Взбираясь по каменистой тропе, он слышал дудку Пана – та звала, и плакала, и всякое веселье творила.

Глава XI

– Не заслуживает она того, чтобы ее спасали, – приговаривал Философ, – но я ее спасу. Воистину, – подумал он через миг, – не желает она, чтобы ее спасали, – следовательно, я спасу ее.

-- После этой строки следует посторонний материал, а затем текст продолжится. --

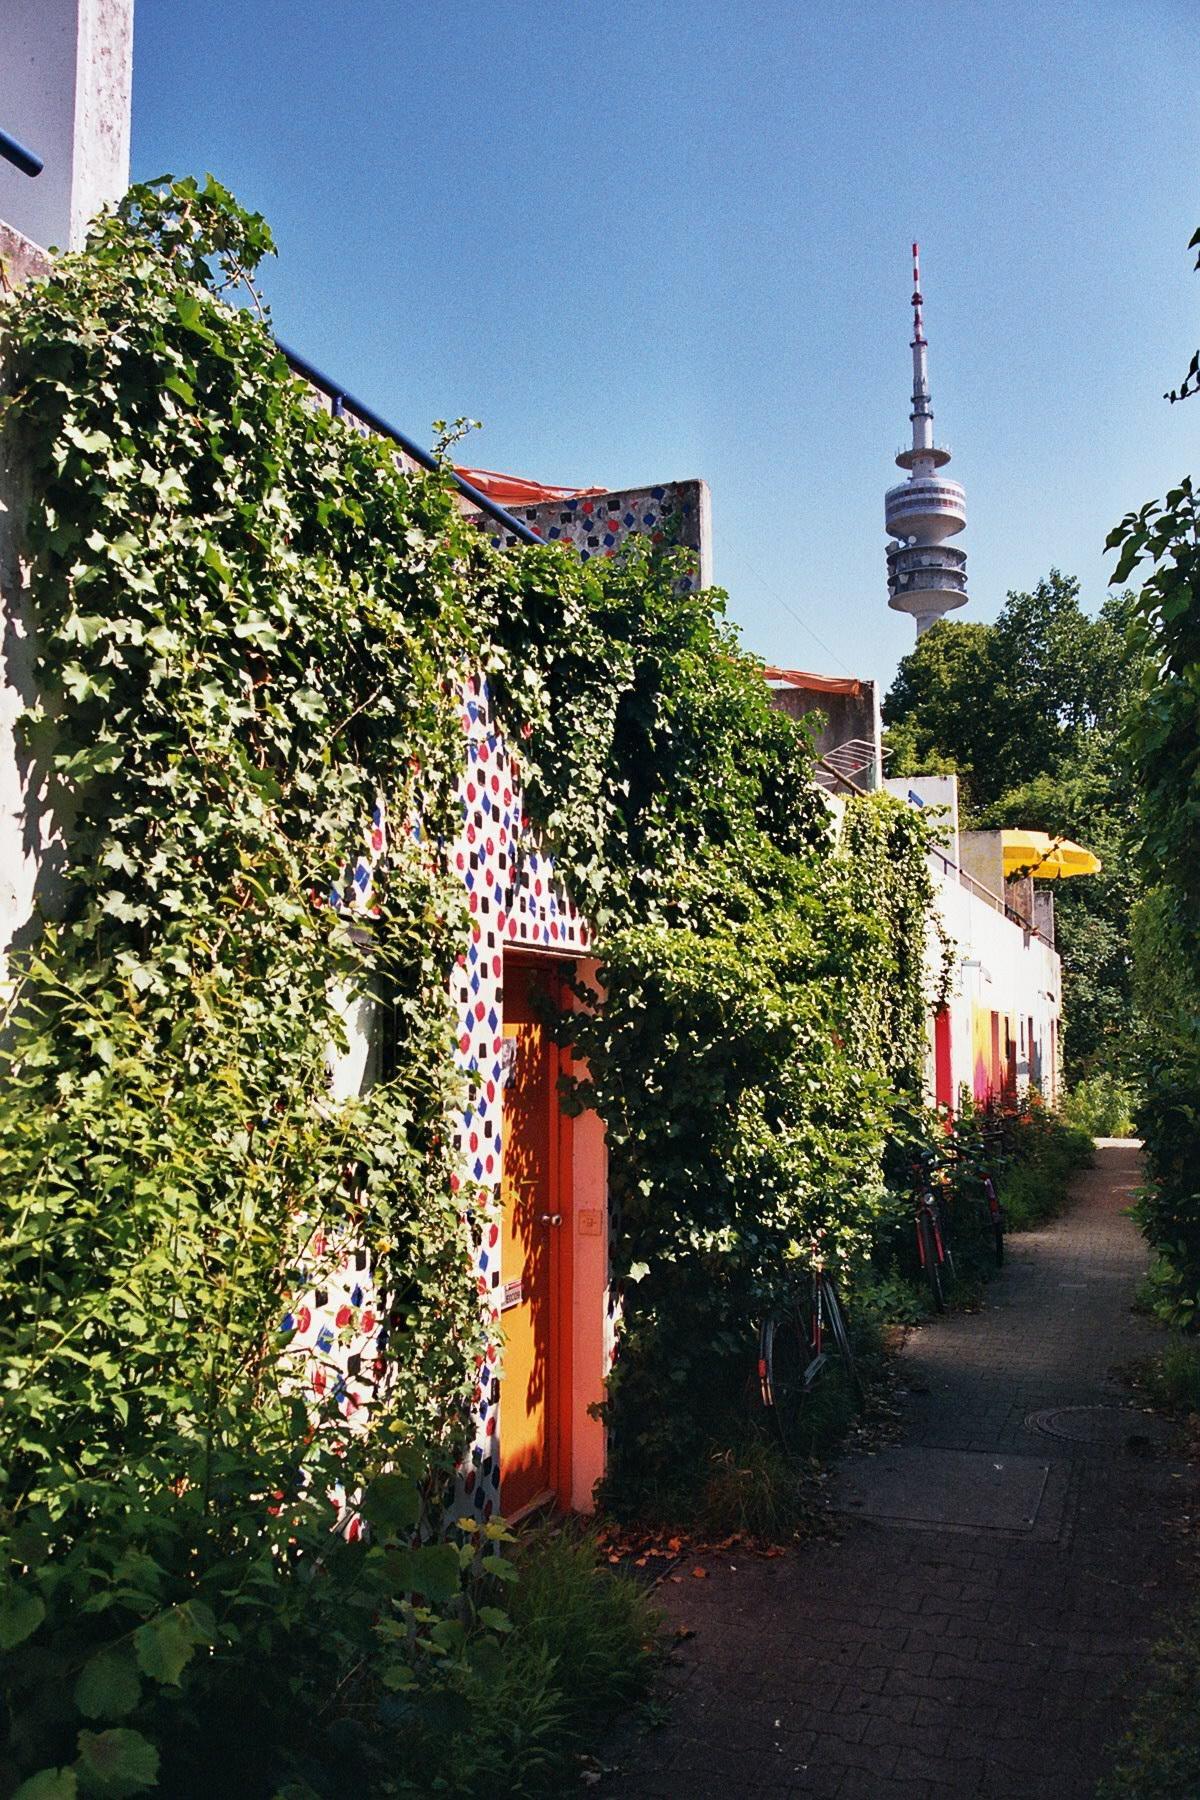 Altbau vs. Neubau – war das Bungalowdorf früher attraktiver?
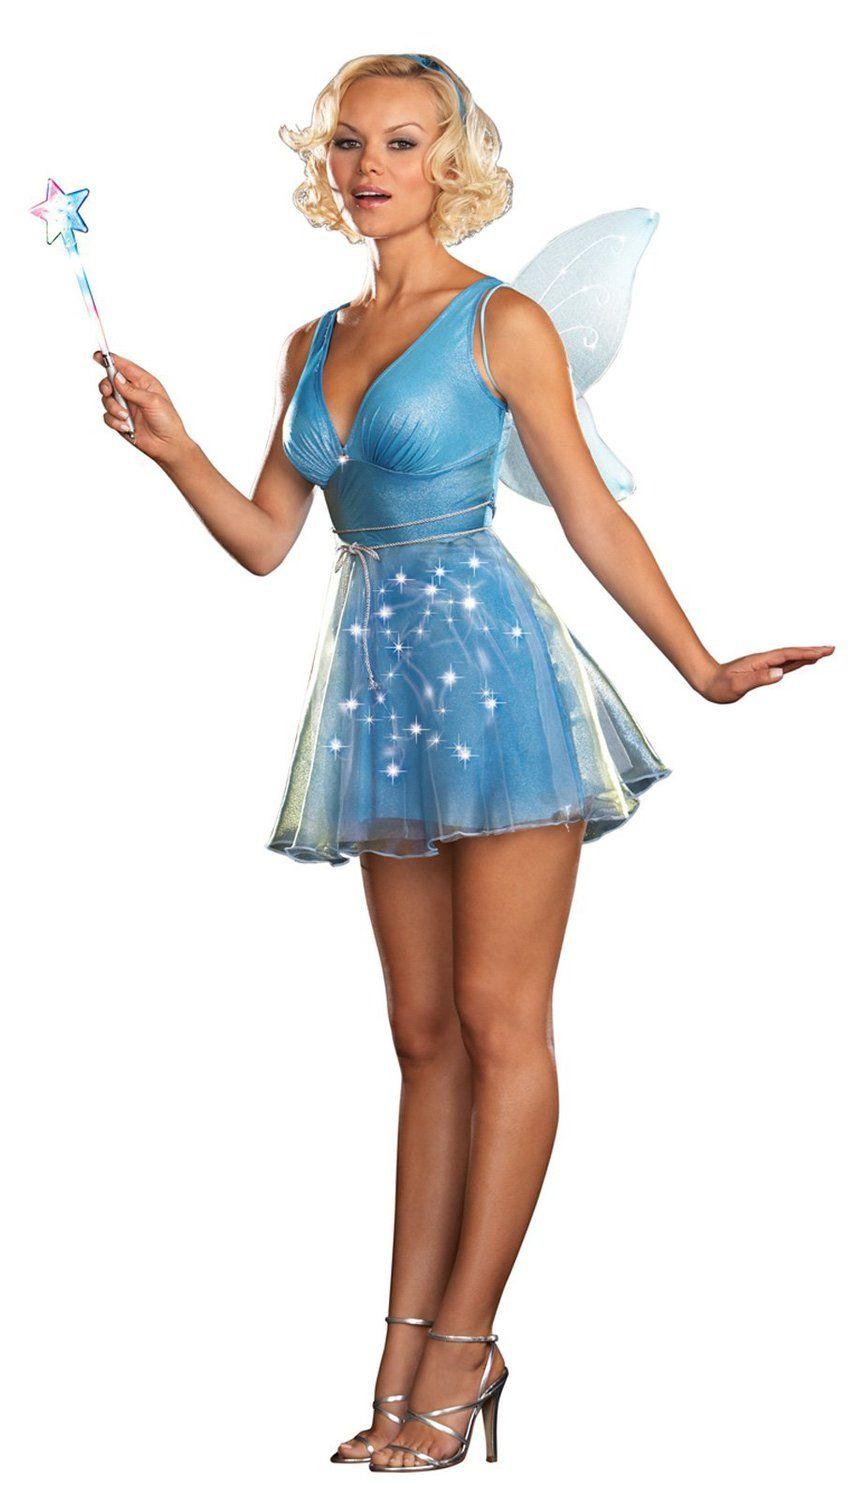 The dress halloween costume - Halloween Costumes

Шел он по дороге, а изгибистый силуэт девушки маячил у него перед глазами, прекрасный и простой, как древняя статуя. Философ сердито мотал головой на это видение, но оно не исчезало. Он пытался сосредоточить ум на какой-нибудь глубокой философской максиме, но тревожащий образ Кайтилин встревал между Философом и его мыслью, столь полно вытесняя последнюю, что через миг после того, как сформулировал он свой афоризм, уже не мог вспомнить, каков же тот был. Подобное состояние ума было столь необычным, что привело Философа в замешательство.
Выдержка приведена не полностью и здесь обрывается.